Kalau mau jujur, barangkali rakyat tidak merasa lebih terlayani dengan adanya konflik struktural tersebut. Demikian juga, agaknya tidak satupun masyarakat atau kelompok masyarakat yang ikut merasa terhina dengan makian yang dilontarkan Bupati. Fenomena yang ada selama ini justru menunjukkan bahwa masyarakat sering tidak puas dengan pelayanan dari pemerintah daerah serta penyerapan aspirasi dari badan perwakilan. Alih-alih merasa tersinggung, yang lebih mungkin terjadi adalah bahwa rakyat semakin malu dan antipati terhadap kedua aktor utama dari proses pembangunan di level daerah tersebut.

Berkaca pada banyaknya konflik antar lembaga publik yang lebih didasari oleh emosi preman dan mentalitas jalanan, hampir mustahil dapat dibangun hubungan harmonis antara pemerintah dengan masyarakat. Akibatnya, konsep good local governance tidak tercapai, sementara manajemen pemerintahan selalu amburadul dan kinerja pembangunan tetap stagnan. Secara lebih makro, program reformasi berjalan ditempat, sedang implementasi kebijakan otonomi daerah menjadi terhambat. Dapat kita bayangkan betapa dahsyatnya dampak yang ditimbulkan dari kondisi mentalitas lembaga publik terhadap tata perikehidupan berbangsa dan bermasyarakat secara luas.

Dalam perspektif kedepan, diperlukan adanya upaya konkrit untuk memperbaiki mentalitas yang sedang memburuk. Langkah pertama adalah menumbuhkan rasa malu dikalangan pejabat dan politisi. Rasa malu ini meliputi malu berbuat kesalahan, malu tidak dapat menunaikan amanah dan kewajiban, malu menjadi kaya karena posisi, serta bentuk malu yang lain. Rasa malu juga harus ditujukan tidak hanya kepada masyarakat, namun juga kepada mitra kerja, keluarga, diri sendiri, serta kepada Tuhan. Bahkan dalam ajaran agama manapun, rasa malu ini sangat ditonjolkan, misalnya dalam HR. Imam Malik yang mengatakan bahwa "sesungguhnya semua agama itu punya moral, sedang moral Islam itu adalah malu". Dengan kata lain, mentalitas malu inilah yang harus kita bangun bersama untuk menggantikan mentalitas preman.

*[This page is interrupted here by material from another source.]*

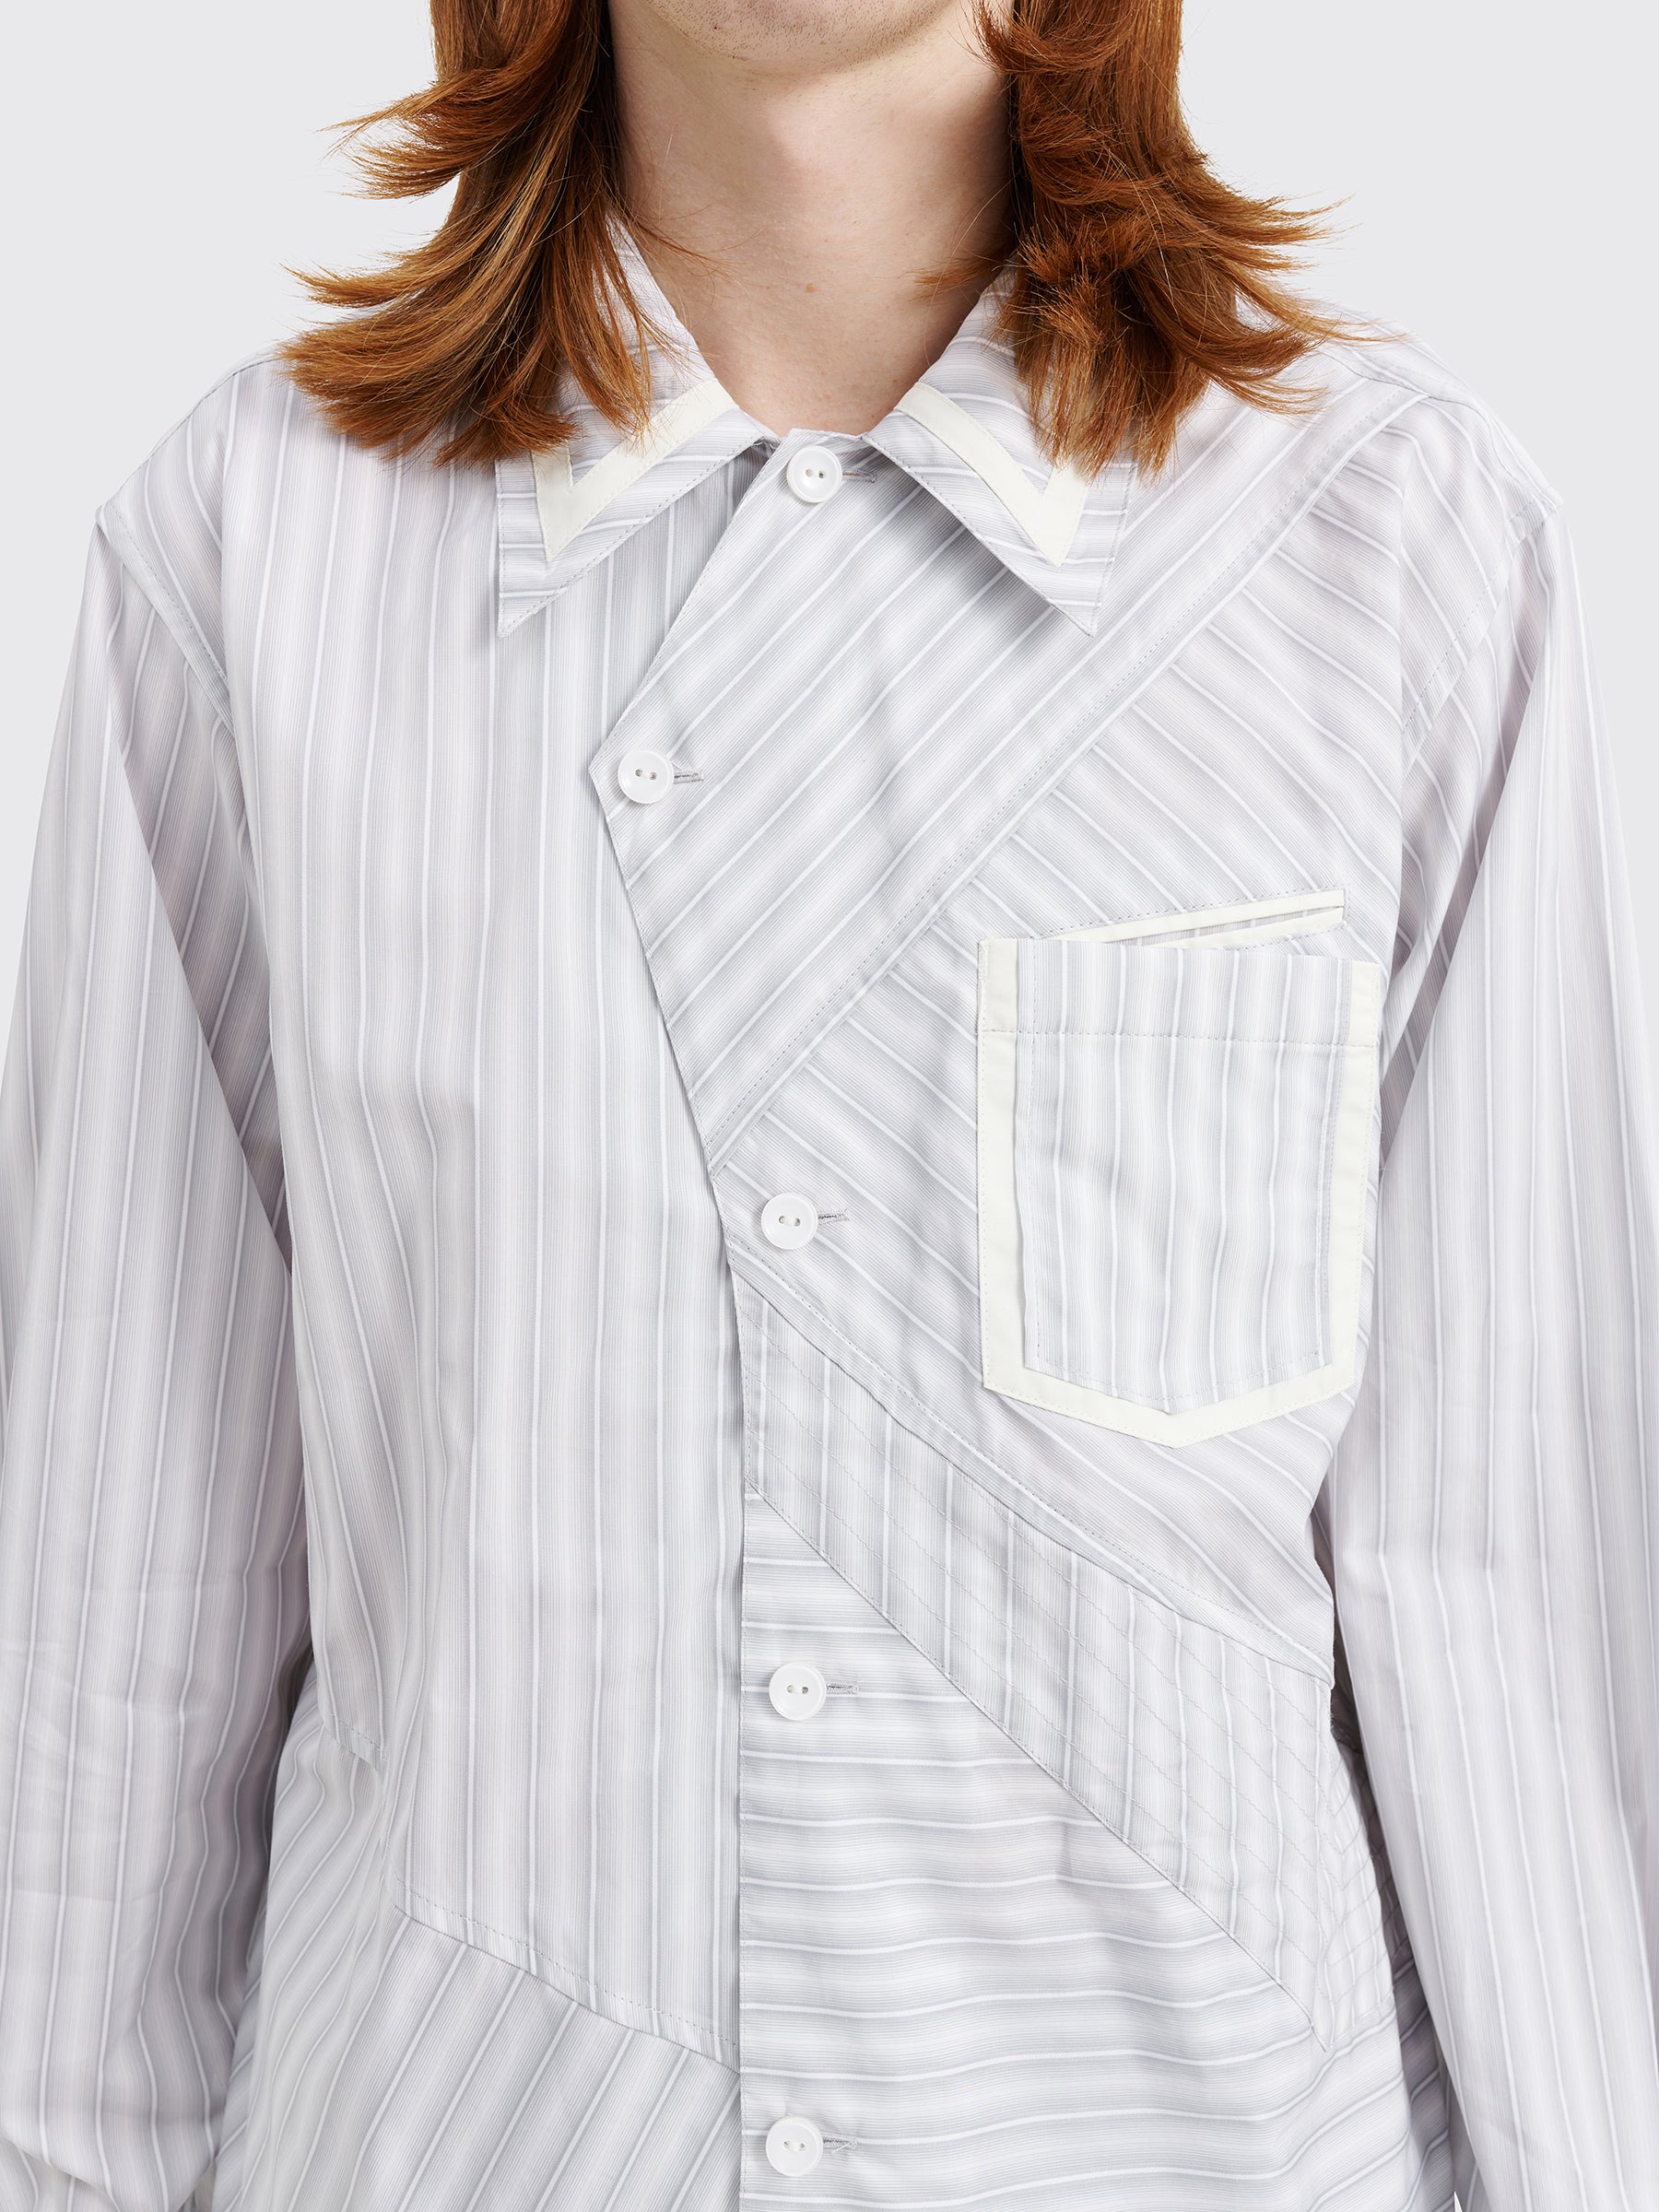 Kiko Kostadinov Aspasia Shirt Twill Light Grey Stripes

Kedua, secara prosedural, pemilihan Kepala Daerah, wakil rakyat, atau pejabat publik lainnya perlu diperketat dengan menekankan kepada calon yang memiliki kecerdasan intelektual, emosional, serta spiritual sekaligus. Fit and proper test perlu dilaksanakan oleh orang yang memiliki 3 macam kecerdasan tadi, sehingga dapat menghasilkan orang (pejabat/politisi) dengan kualitas yang lebih baik, atau minimal sama.

Akhirnya, untuk menjaga kewibawaan, perlu kiranya dibentuk suatu aturan, kode etik, atau semacam ‘tata tertib’ yang memberikan sanksi kepada setiap subyek hukum (individu maupun badan) yang melecehkan lembaga publik. Selama ini, aturan semacam itu baru diberlakukan untuk lembaga kepresidenan (termasuk simbol-simbol negara lainnya) dan lembaga peradilan (sebagai simbol keadilan dengan konsep contempt of court). Namun perlu digarisbawahi bahwa gagasan ini hanya layak untuk diperjuangkan sepanjang ada definisi dan cakupan yang tegas tentang konsep ‘pelecehan lembaga publik’ ini. Inilah beberapa agenda kita kedepan yang perlu dijalankan sebagai kelengkapan dari program reformasi secara total.

Tulisan ini dipublikasikan di Harian Suara Pembaruan, 13 Aagustus 2002.